How in TypeScript without untyped unsafe crutches (<>, as, any, unknown and similar) can one exclude fields in object spread (so without enumerating every field I want to copy)?

interface A {
    fieldA: number;
    fieldB: string;
    fieldC: number;
    fieldD: string;
    fieldE: number;
    fieldF: string;
}

interface B {
    fieldA: number;
    fieldB: string;
    fieldC: number;
    fieldD: string;
    fieldE: number;
    // no fieldF here
}

const a: A = {
    fieldA: 1,
    fieldB: 'b',
    fieldC: 3,
    fieldD: 'd',
    fieldE: 5,
    fieldF: 'f'
}

const b: B = {
    ...a,
    fieldF: undefined
};

This doesn't compile, because fieldF is still present, only have a value of undefined.

Answer 1

If you don't mind an intermediate step, you can do something like this:

const { fieldF, ...everythingExceptF } = a;
const b: B = everythingExceptF;

This combines the spread and rest operators. The compiler seemed happy with this on my machine, and it gives me the result you'd expect.

Note: this will also create the constant fieldF, which you may or may not want.
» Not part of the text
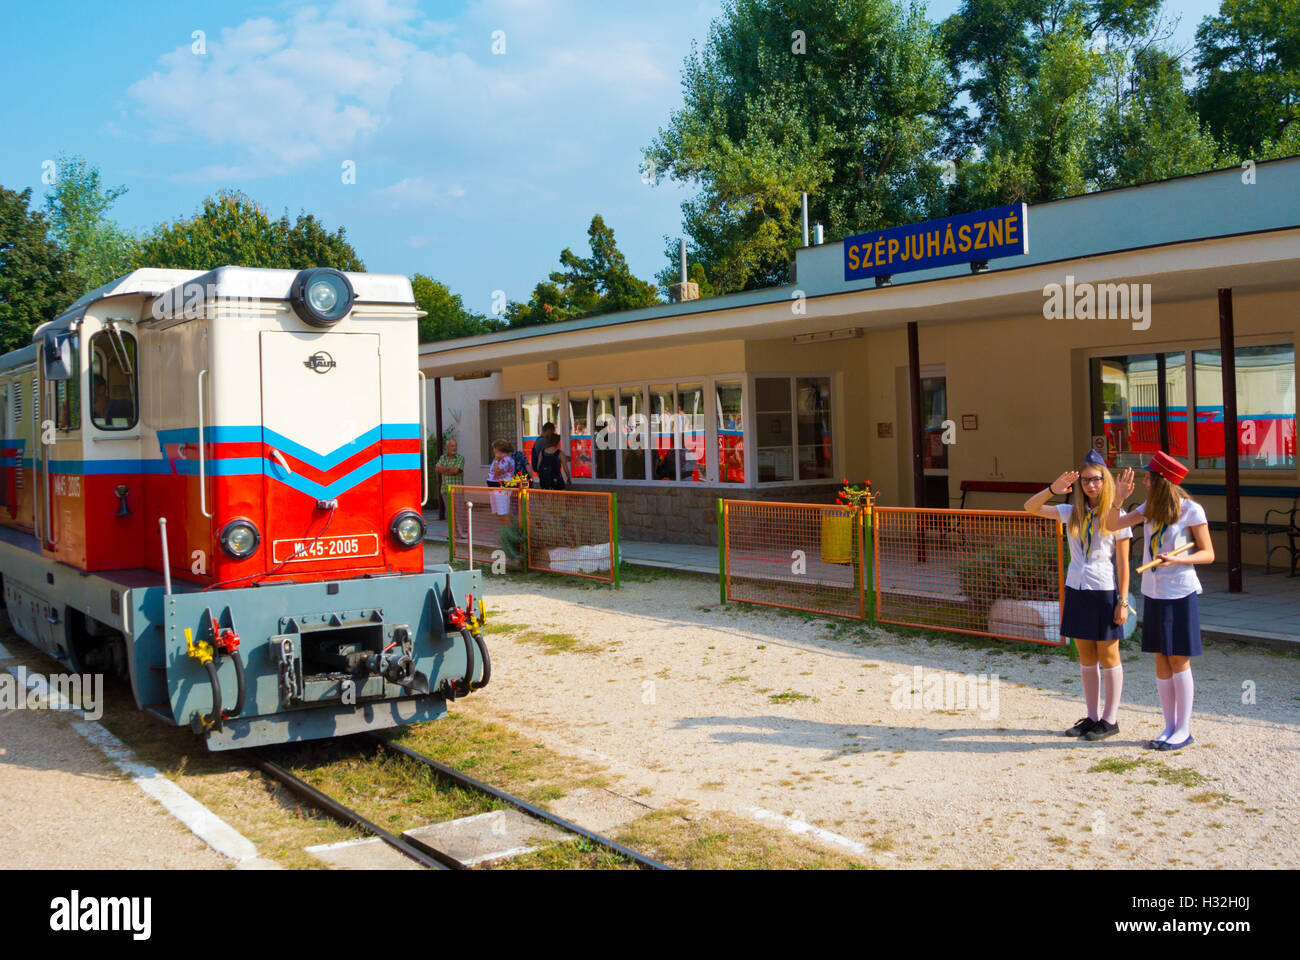 Gyermekvasut, Children's railway, Buda, Budapest, Hungary, Europe Stock Photo

If you already need that name for some other reason in the same scope, you can reassign it like this:

const { fieldF: someOtherName, ...everythingExceptF } = a;

Answer 2

If you wan to remove the field you can:

const copy: A = {
    ...a
};

delete copy.fieldF;

const b: B = copy;

But you don't have to:

const b: B = {
    ...a
};

Compiler is ok with it.